Info I hope might help anyone wanting to enhance a Rodeo's matte blue finish.
If you have not done much with steel or a revolver in particular it is a little more difficult and time consuming to do right than one would think. And easier to wreck a nice gun when done wrong or in a hurry. Five hours work when someone knows what they are doing.
If not and you are new to metal and you have a Rodeo a good place to start with little risk of harm is a Birchwood Casey Lead Remover & Polishing Cloth. Taking your gun back down to polished steel will be some effort and time. But the mild abrasives in the cloth won't hurt any thing if the polishing is done by hand.
I used the B-C cloth to first antique one of my Rodeos not concerned about polishing for a nice reblue or refinish.
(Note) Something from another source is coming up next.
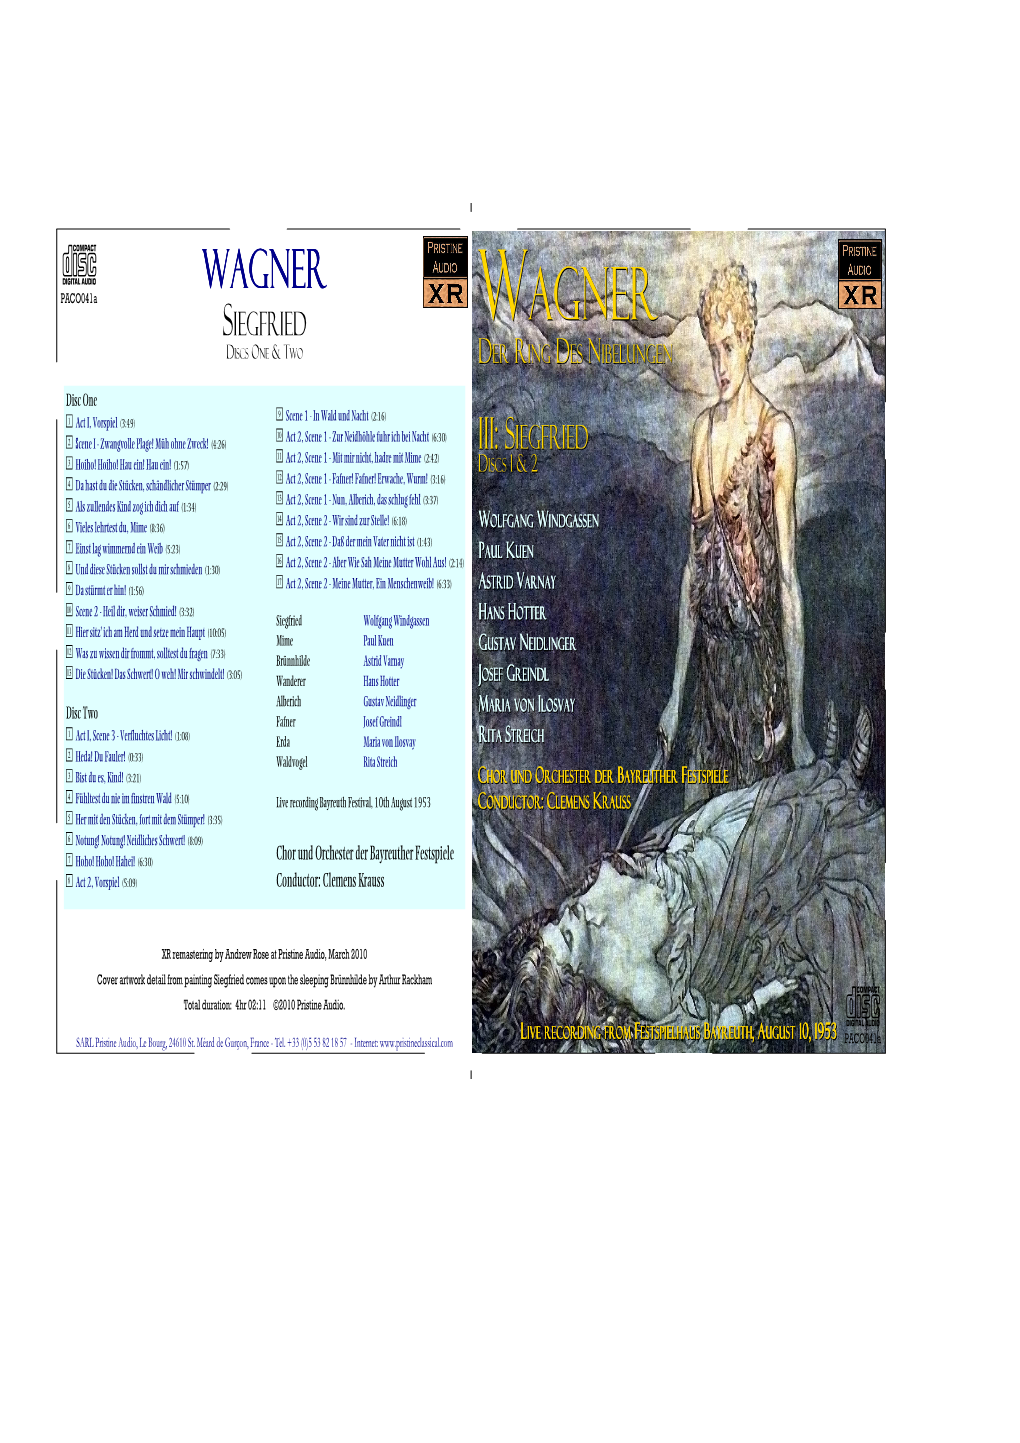 WAGNER Paco041a SIEGFRIED WAGNER DISCS ONE & TWO DER RING DES NIBELUNGEN

Remember blue and color case will hide/cover a multiple of sins in metal work, matte nickel less and bright nickel even less.
first antiqued
then engraved
another pair I antiqued to a lesser extent, leaving some blue, but not the "black gun" Rodeo look. Again done with a B-C cloth, taking about an hour or so per gun, starting with the gun in pieces but always with the
barrel still attached to the frame. I am hoping to eventually have these engraved as well.
And the end result of that amount of polishing....and a "antique blue finish"? I intentionally used a antique blue finish to mast the lack of metal prep/polish on this pair of Rodeos I shoot almost daily. What I didn't do on the metal polish the blueing and engraving cover the majority of it up.